Cette disposition prévoit d'inscrire dans la Constitution un droit de référendum sur les actes du conseil communal et consacre d'autre part le principe général d'un droit d'initiative en matière communale, ce qui constitue une innovation demandée en particulier par une initiative populaire pendante.

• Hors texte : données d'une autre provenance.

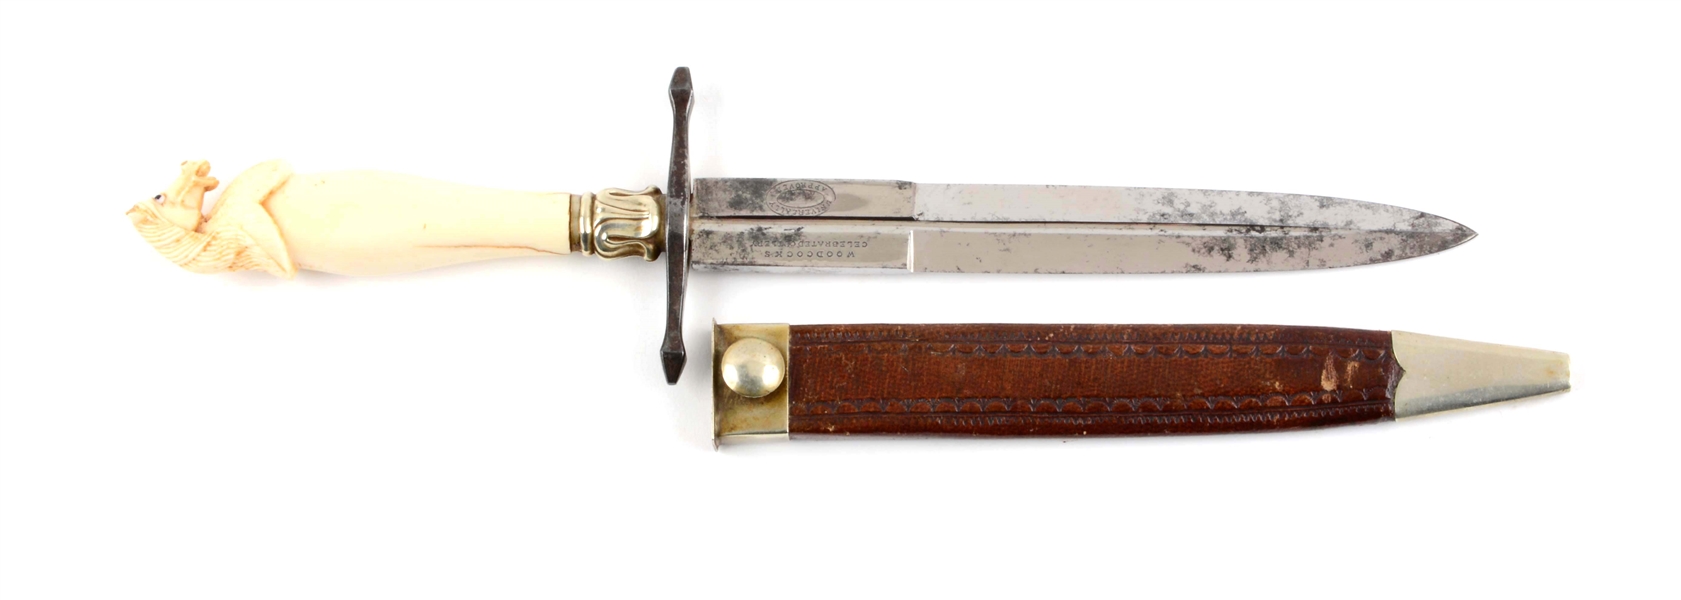 CARVED IVORY HORSEHEAD DOUBLE EDGED BOWIE KNIFE BY WOODCOCK, SHEFFIELD.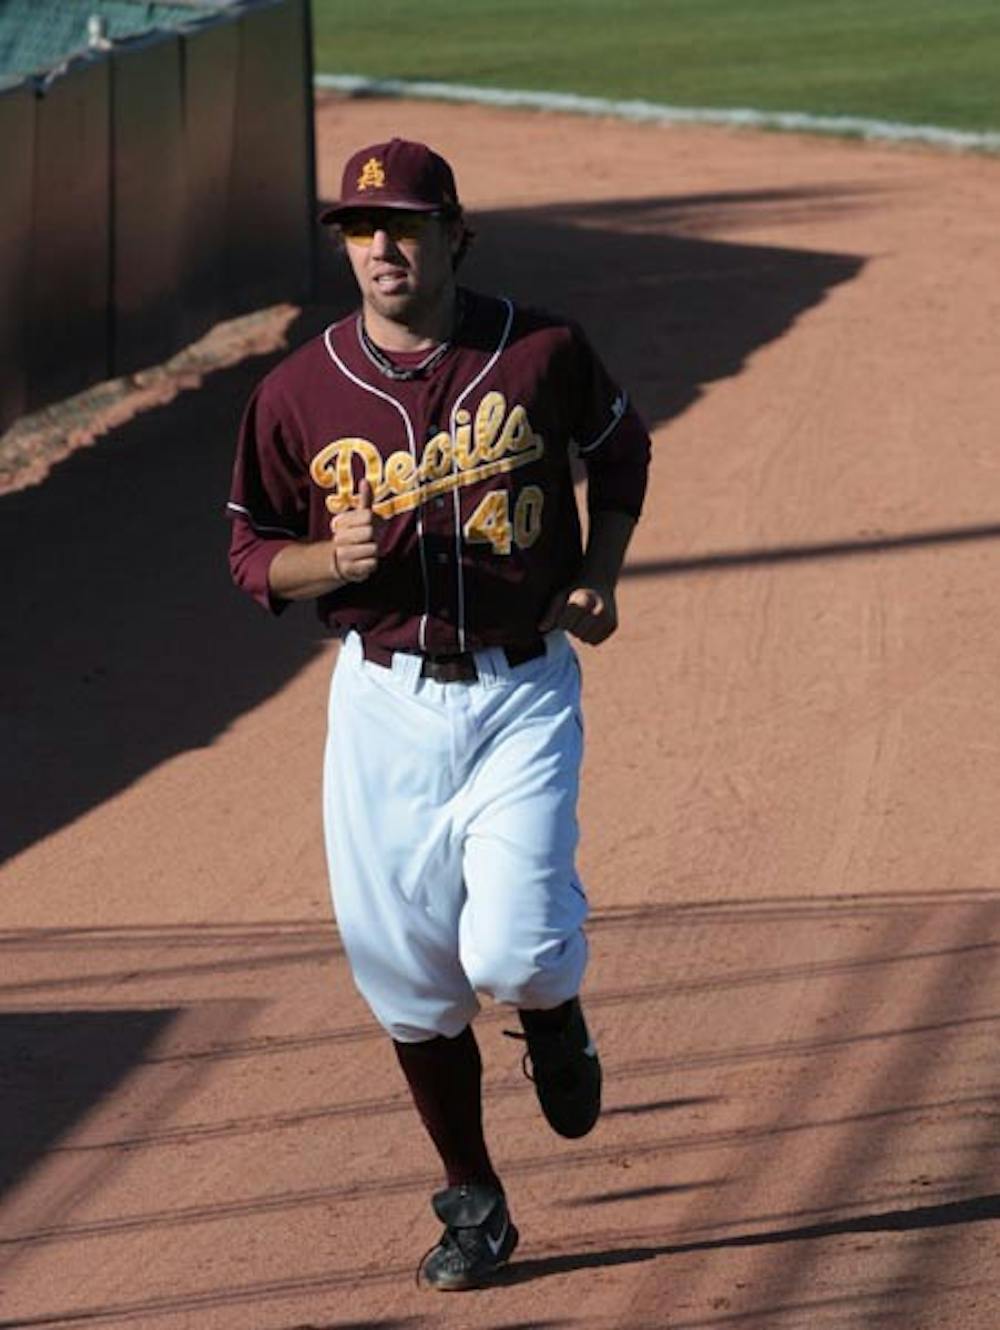 NEW YEAR EXCITEMENT: Junior pitcher Mitchell Lambson, shown jogging, is one of several returning players from the Pac-10 champion squad excited for the upcoming season. ASU coach Tim Esmay, coming off a 52-10 record in his first year at the helm, understands the winning expectations associated with his team, and the pressure that accompanies it. (Photo by Nick Kosmider)

Il appartient au législateur de régler l'exercice de ces droits, en particulier le nombre de signatures qui devra être obtenu. Le législateur devra également limiter l'objet de ces droits d'initiative et de référendum. S'agissant de ce dernier, on pense par exemple aux décrets concernant la bourgeoisie communale, qui doivent être exclus du champ du référendum. En matière d'initiatives, il faudra également limiter les objets possibles, pour éviter par exemple des initiatives qui porteraient sur des domaines de compétence relevant du canton ou de la Confédération.

Art. 6.1.11

Fusion de communes

Cet article a pour objectif d'affirmer deux principes forts:
  • les fusions de communes doivent être favorisées. Il s'agit d'inciter et de faciliter ces fusions, pour permettre des regroupements, ce qui devrait amener à obtenir un nombre moins élevé de communes, en mesure d'exercer leurs prérogatives d'une façon efficace et rationnelle. Pour favoriser ces fusions, l'État pourra mettre par exemple à disposition un catalogue indicatif des possibilités de fusion; les critères pour établir un tel catalogue peuvent être la capacité des communes à assumer leurs tâches, leurs capacités financières, les particularités locales tant géographiques que culturelles, les relations préexistantes entre communes et les exigences d'une gestion efficace au service de leur population;
  • aucune fusion ne peut intervenir sans le consentement des corps électoraux des communes concernées: les regroupements doivent donc obligatoirement être admis par la majorité des citoyens de chaque commune concernée. Il s'agit d'une cautèle nécessaire pour respecter l'autonomie des communes, dont l'existence ne peut ainsi être remise en cause sans leur volonté.

Art. 6.1.12

Incitation aux fusions

Pour donner une portée réelle et un effet à l'incitation aux fusions, celles- ci doivent être encouragées effectivement et non seulement en théorie. Cette disposition prévoit trois mesures effectives:
  • la procédure de fusion doit être simple. Il appartiendra au législateur de concrétiser cet objectif;
  • la procédure de fusion doit être gratuite pour les communes concernées, les frais de la procédure devant ainsi être pris en charge par l'État;
  • des incitations financières de l'État doivent être prévues pour donner une portée réelle à l'objectif de favoriser les fusions. Il s'agit assurément de la mesure la plus efficace. La majorité de la commission considère que, sans ces incitations, l'objectif de fusion est illusoire.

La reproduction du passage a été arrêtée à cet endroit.